In reply, BC Hydro submits that this argument is a red herring as it is not claiming that the capacity at the Mainwaring substation is insufficient to serve area load. BC Hydro explains that it conducts area studies when there is a need for additional capacity and that BC Hydro will continue to monitor the load forecast for the area and will initiate an area study should additional capacity be required in the area due to load growth. Further, BC Hydro has filed its Asset Plan for the Mainwaring substation as Appendix D to the Application and submits that the Asset Plan demonstrates that it has considered the overall long-term needs of the substation and supports the substation configuration proposed as part of the Project.[202]
The CEC and BCOAPO did not make specific submissions with respect to the need, if any, for area studies.
Panel Determination
As noted above, BC Hydro submits that the associated area study was put on hold in 2016 when it became evident that additional capacity in the area of the Mainwaring substation would not be required for the foreseeable future. This suggests that the sole trigger for an area study is to assess the need for expanded capacity at a specific substation. The Panel disagrees. In fact, the larger power transformers (i.e., 150 MVA) in the selected Project alternative include a capacity expansion, albeit requiring additional investments in feeder sections to increase the overall substation capacity. The Panel finds that an area study would have strengthened the case for preferring the expanded capacity of the proposed larger power transformers at the Mainwaring substation.
The Panel agrees with RCIA that an area study would provide assessments about local area load growth and the future interplay between Mainwaring and its neighbouring substations in the vicinity.

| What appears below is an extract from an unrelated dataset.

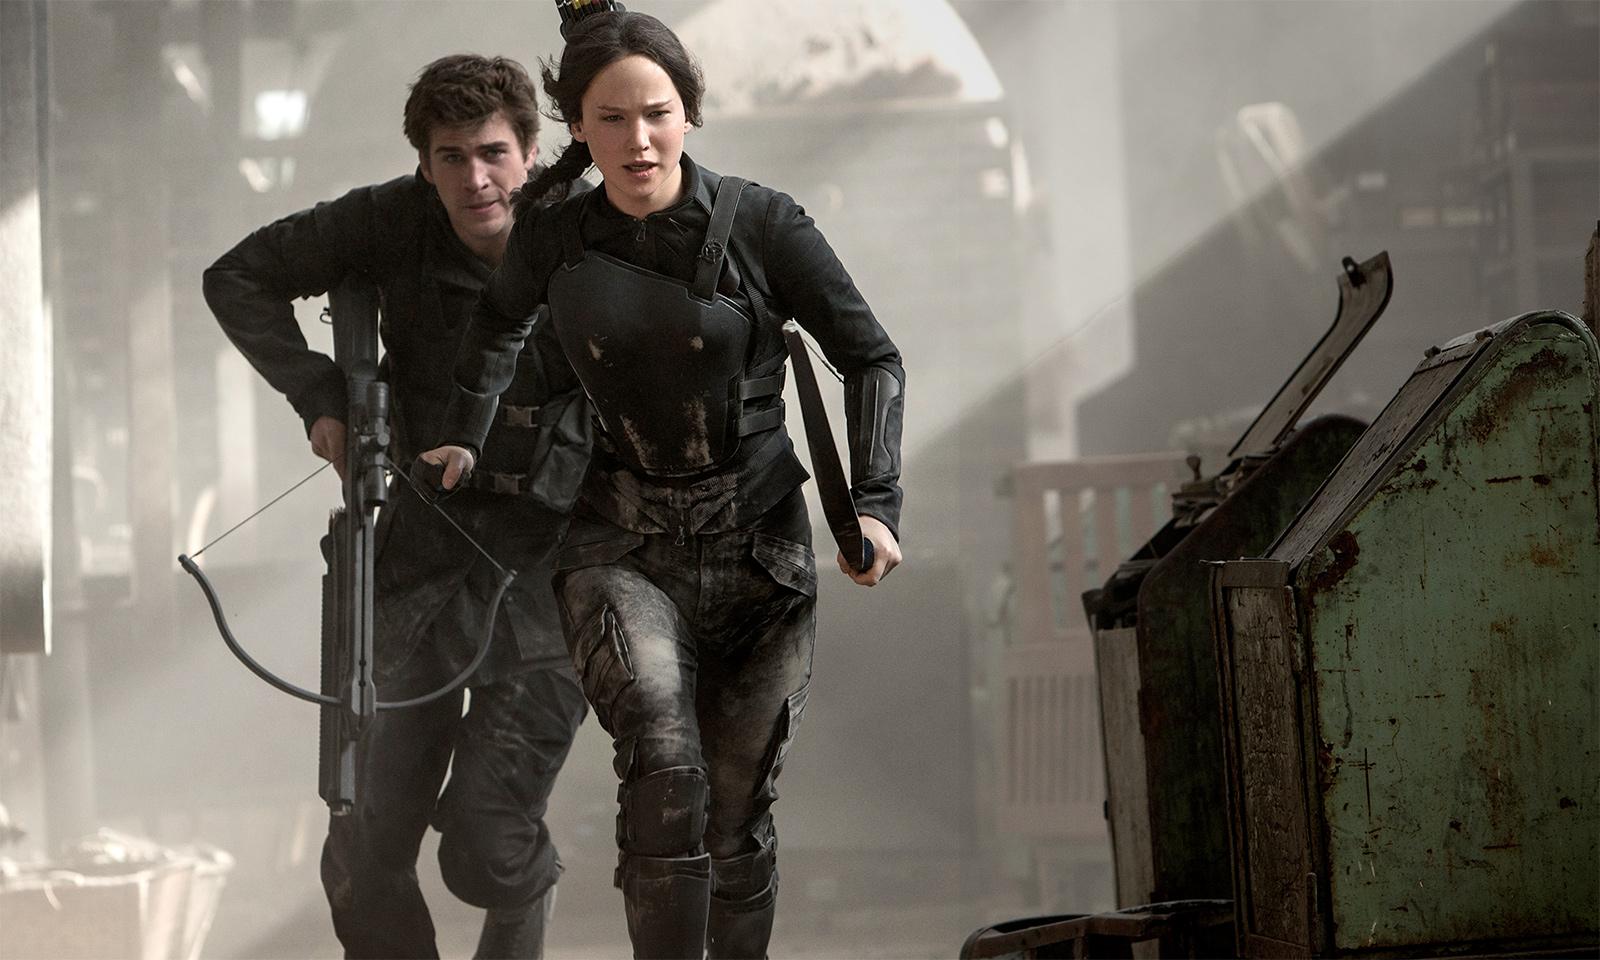 The Hunger Games: Mockingjay Part 1 Promotionals & Stills

The Panel views that an area study can inform consideration of both increases and decreases in capacity of the Mainwaring substation in tandem with the need for potential investments at other substations as well as associated transmission and distribution infrastructure in the vicinity. In short, an area study could have supported development of additional alternatives to the Project beyond those considered by BC Hydro in this Application. This is particularly relevant in the context of BC Hydro’s 2021 IRP which heavily emphasizes electrification and decarbonization of components of BC’s energy demand.
While the Panel has determined that there is a need for the Project notwithstanding that BC Hydro did not complete an area study in support of the Project, for future substation CPCN and Capital Expenditure applications, the Panel recommends that BC Hydro either submit an area study or provide an explanation as to why such an area study is not needed. The Panel views that an area study can be a useful tool to inform the development of project alternatives beyond the substation footprint as well as proposed changes in capacity of individual substation components.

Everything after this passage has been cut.